Noutra ponta do Acre, as preocupações com o rio Juruá também não são diferentes. O nível do Juruá alcançou a menor cota para o mês de junho dos últimos cinco anos. De acordo com a Defesa Civil de Cruzeiro do Sul, o nível do manancial está dois metros abaixo do registrado na mesma época no ano passado. O rio tinha uma proporção maior de água, e esse ano, baixou muito rápido. Com a estiagem, que chegou mais cedo, o rio baixou muito rápido.
“Para se ter uma ideia, nesse período no ano passado, o rio estava em 7,54 metros. Esse ano, nessa segunda-feira, chegou a 5,51 metros.
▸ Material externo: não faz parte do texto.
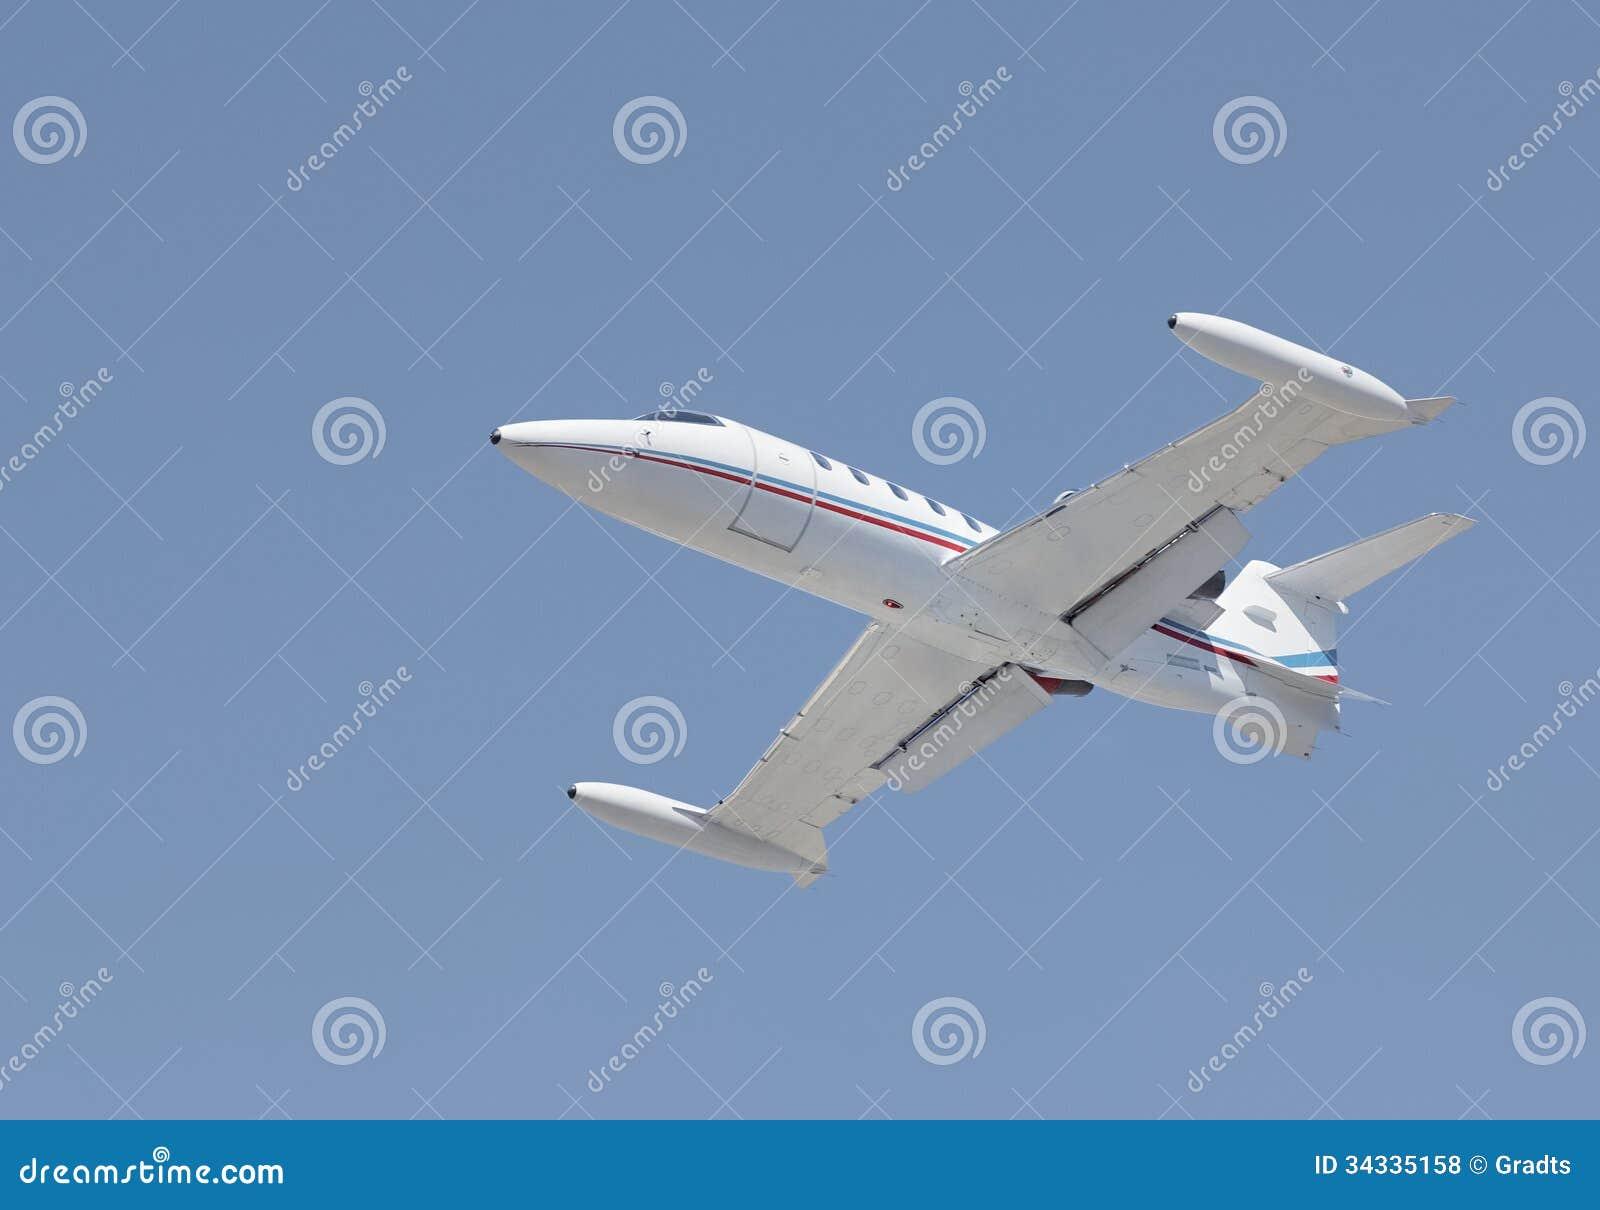 Jet Editorial Stock Photo  Image 34335158
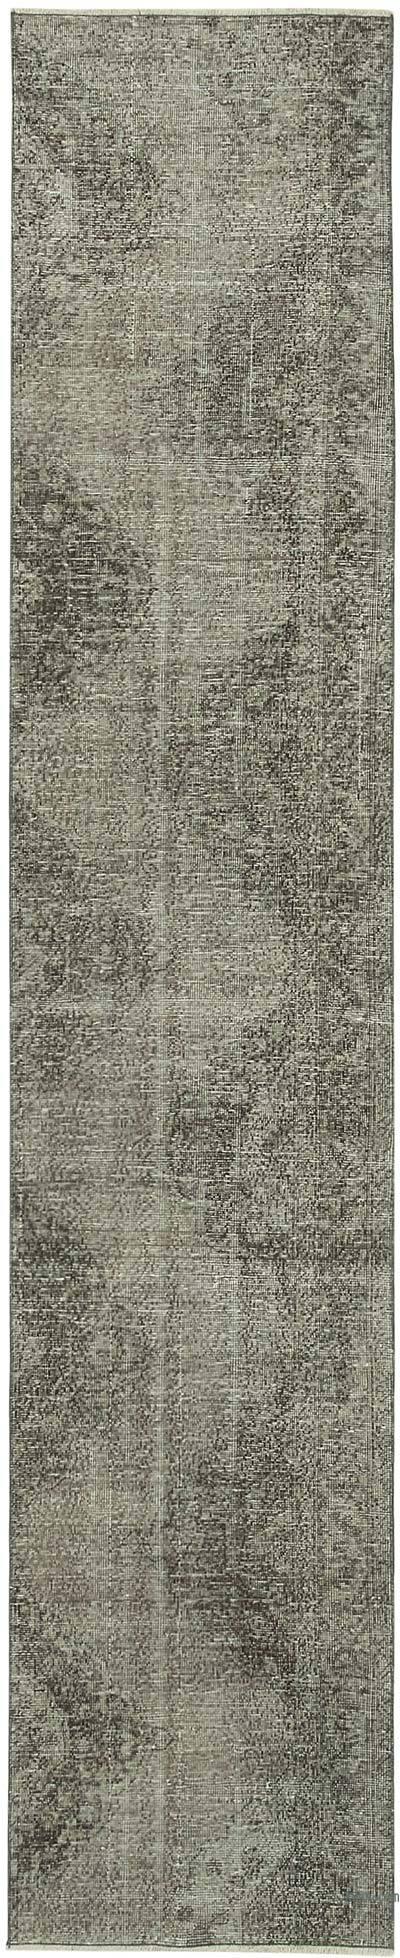 Gris Alfombra de Pasillo Turca Vintage Sobreteñida - 71 cm x 352 cm

Em Porto Walter, está em 1,52. Isso é muito preocupante, porque estamos apenas no começo do verão“, explica José Francisco de Morais, técnico da Defesa Civil Municipal.
Mas enquanto o Governo do Estado se prepara para a crise interna, a preocupação se volta para áreas fora dos limites territoriais do Estado A tendência para os próximos dias é que o nível do rio Madeira diminua ainda mais, caso seja mantida a previsão dos institutos meteorológicos e da Agência Nacional de Águas (ANA).
A previsão do Centro Gestor e Operacional do Sistema de Proteção da Amazônia (Censipam) é de que a seca deve ultrapassar os recordes do ano passado. Em 2023, o rio Madeira chegou a 1,20 metro, o índice mais baixo das últimas seis décadas.
O Madeira é um dos principais rios do Brasil e o mais longo e importante afluente do rio Amazonas. Sua bacia hidrográfica é enorme, com 125 milhões de hectares, segundo a Agência Nacional de Águas e Saneamento Básico (ANA). O Madeira banha três países: Brasil, Bolívia e Peru e, além da importância socioambiental, possui imensa relevância econômica, pois possibilita a pesca, o transporte hidroviário e o plantio de diversos produtos em suas margens. O rio possui mais de 1,3 mil quilômetros navegáveis, fazendo dele um grande canal de integração e comércio do Norte do Brasil.